The interiors also set them apart from the crowd: they’ve done the impossible and made a grey colour scheme look fresh. There’s no Elephant’s Breath on the walls — it’s a Dulux custom blend. And the grey is a canvas for dazzling jolts of colour: acid yellows, cherry reds, royal blues. The sofa is an enormous grey L-shaped number by Living Divani, an Italian manufacturer, but it’s dotted with cheery cushions in midcentury-style graphics by an English designer, Eleanor Pritchard. Behind it is an Anglo-Scandi burst of colour: four abstract lithographs, all dots and stripes and primary colours, by the young British artist Mark Francis, which was created at Edition Copenhagen studio. “We’re bold, but not brash,” Tollgard says. “Brash is shiny and bling. We’re humble. We don’t like interiors that try too hard.” Another design achievement: they have made the grey interiors feel warm and cosy.
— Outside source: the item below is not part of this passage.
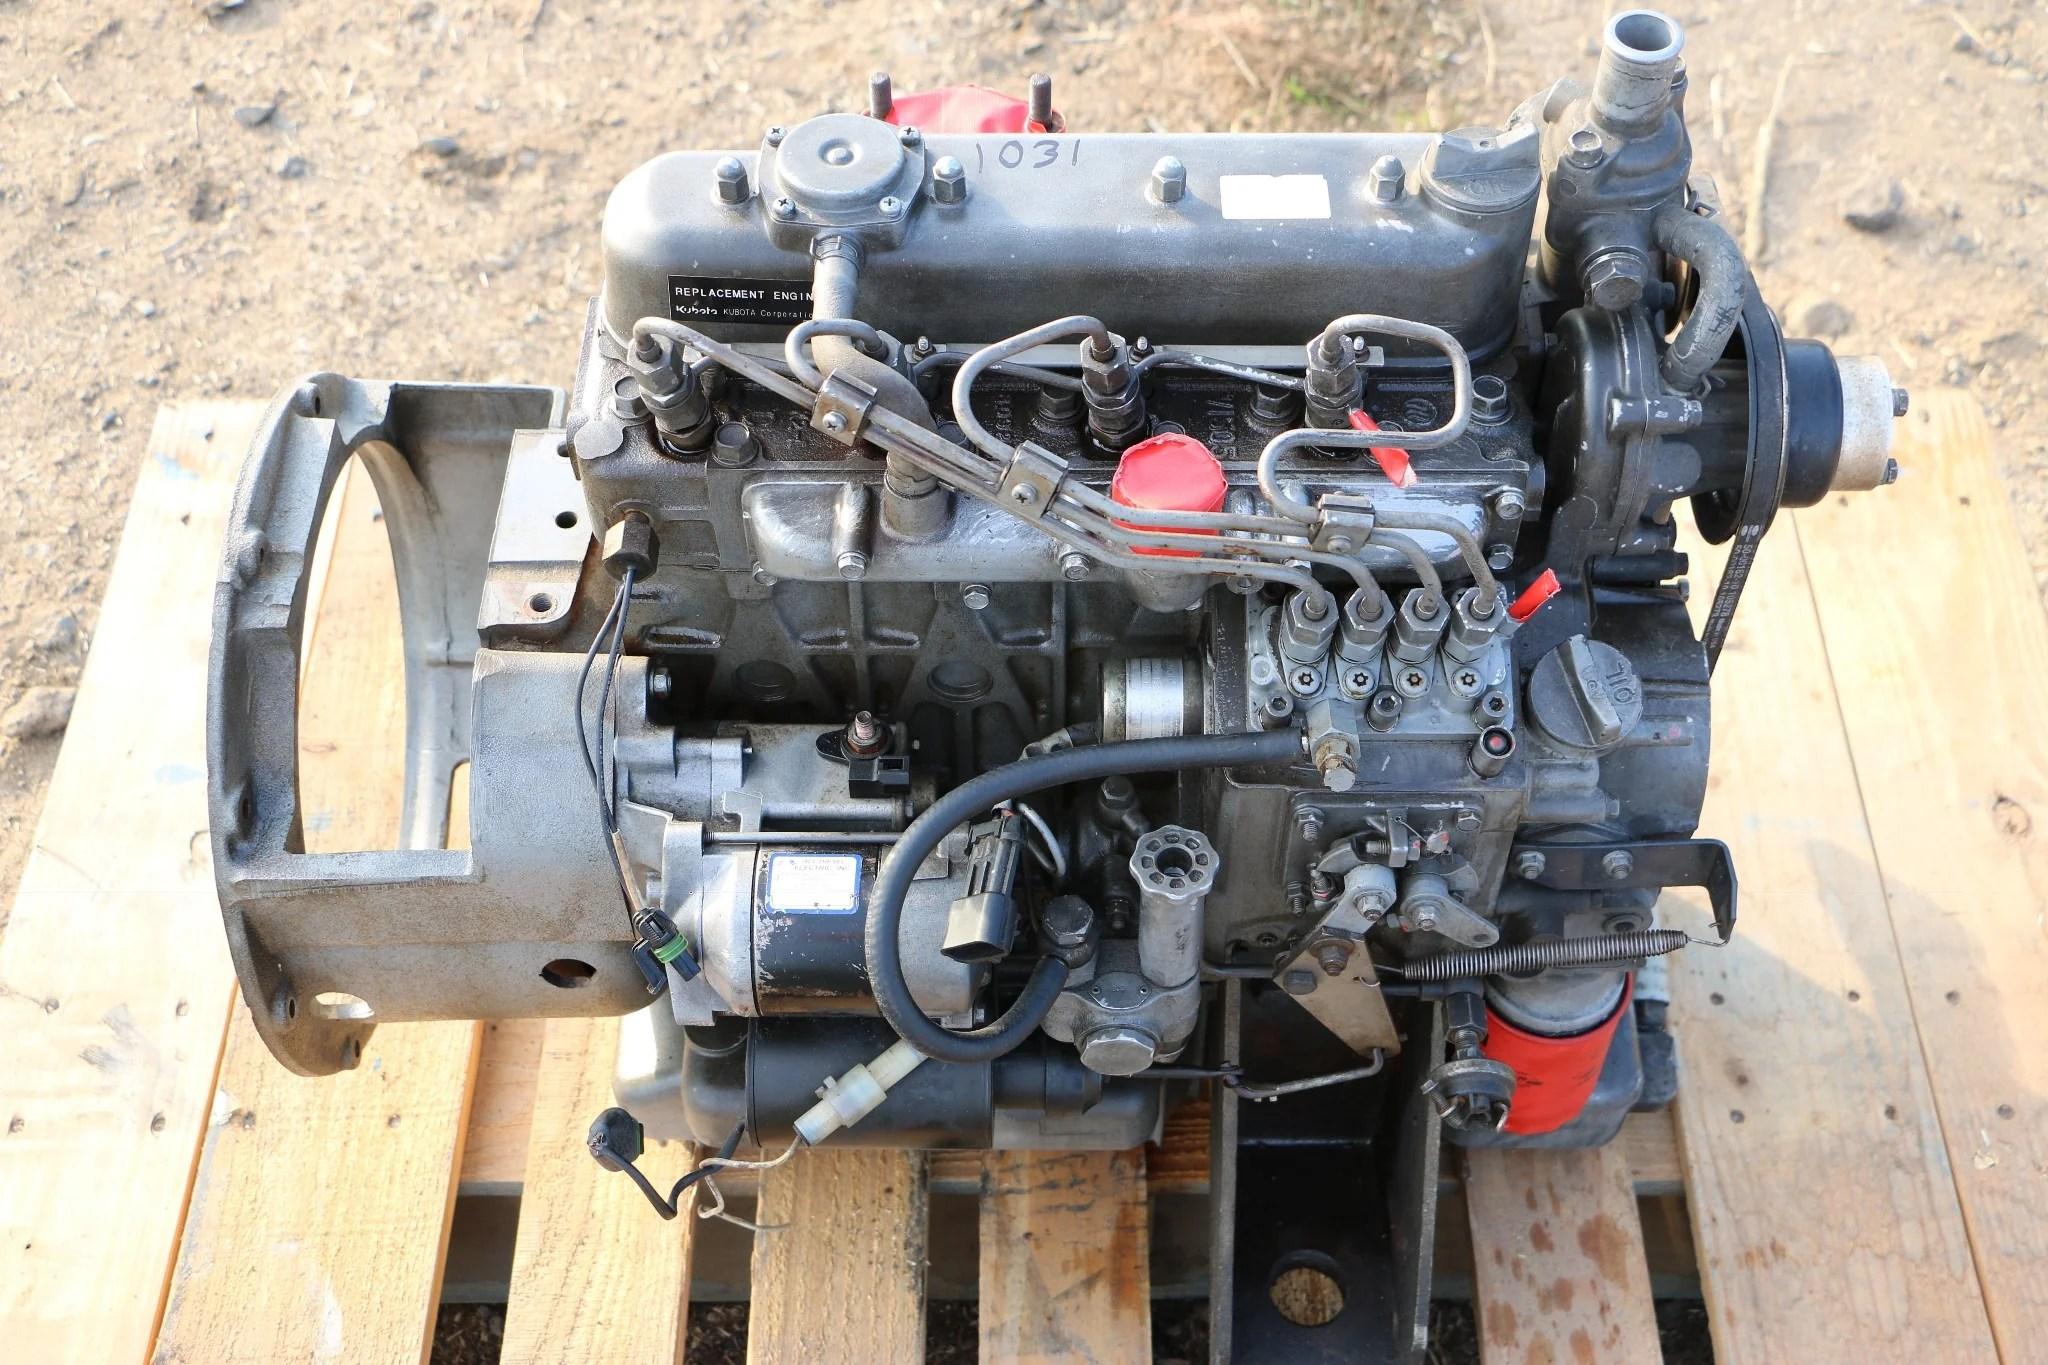 hight resolution of kubota v1505 diesel engine motor for bobcat pump generator etc 1031

There’s a woodburner and the floors are dark wood, rather than Scandi blond. But don’t call it hygge, the hard-topronounce Danish aesthetic. “Hygge is candles, blankets and cable-knit, and an open fire,” Tollgard says. “We do have the fire, but we’ve thrown in colour and our art frames are in Perspex boxes.” Monique, who is South African but knows her Scandi design, chimes in: “Hygge is a sameness, lots of layers, but without anything popping or being too different.” Nor is their style lagom, billed as the Swedish successor to hygge. “Lagom is not a design term, it’s more a cultural sensibility,” Tollgard says. “It means not too much, not too little, don’t show off.” If the Tollgards have an aesthetic, then it’s industrial craft. There’s lots of steel.

The kitchen cupboards are finished in a cloudy bronzed steel by the Italian firm De Castelli. A Modo ball chandelier, all black ironmongery and filament bulbs, feels vintage industrial, yet is new. “We love American lighting,” Tollgard says. “Companies in New York and Philadelphia are producing fantastic new designs in old industrial styles. This is raw steel done in a bold and beautiful way.”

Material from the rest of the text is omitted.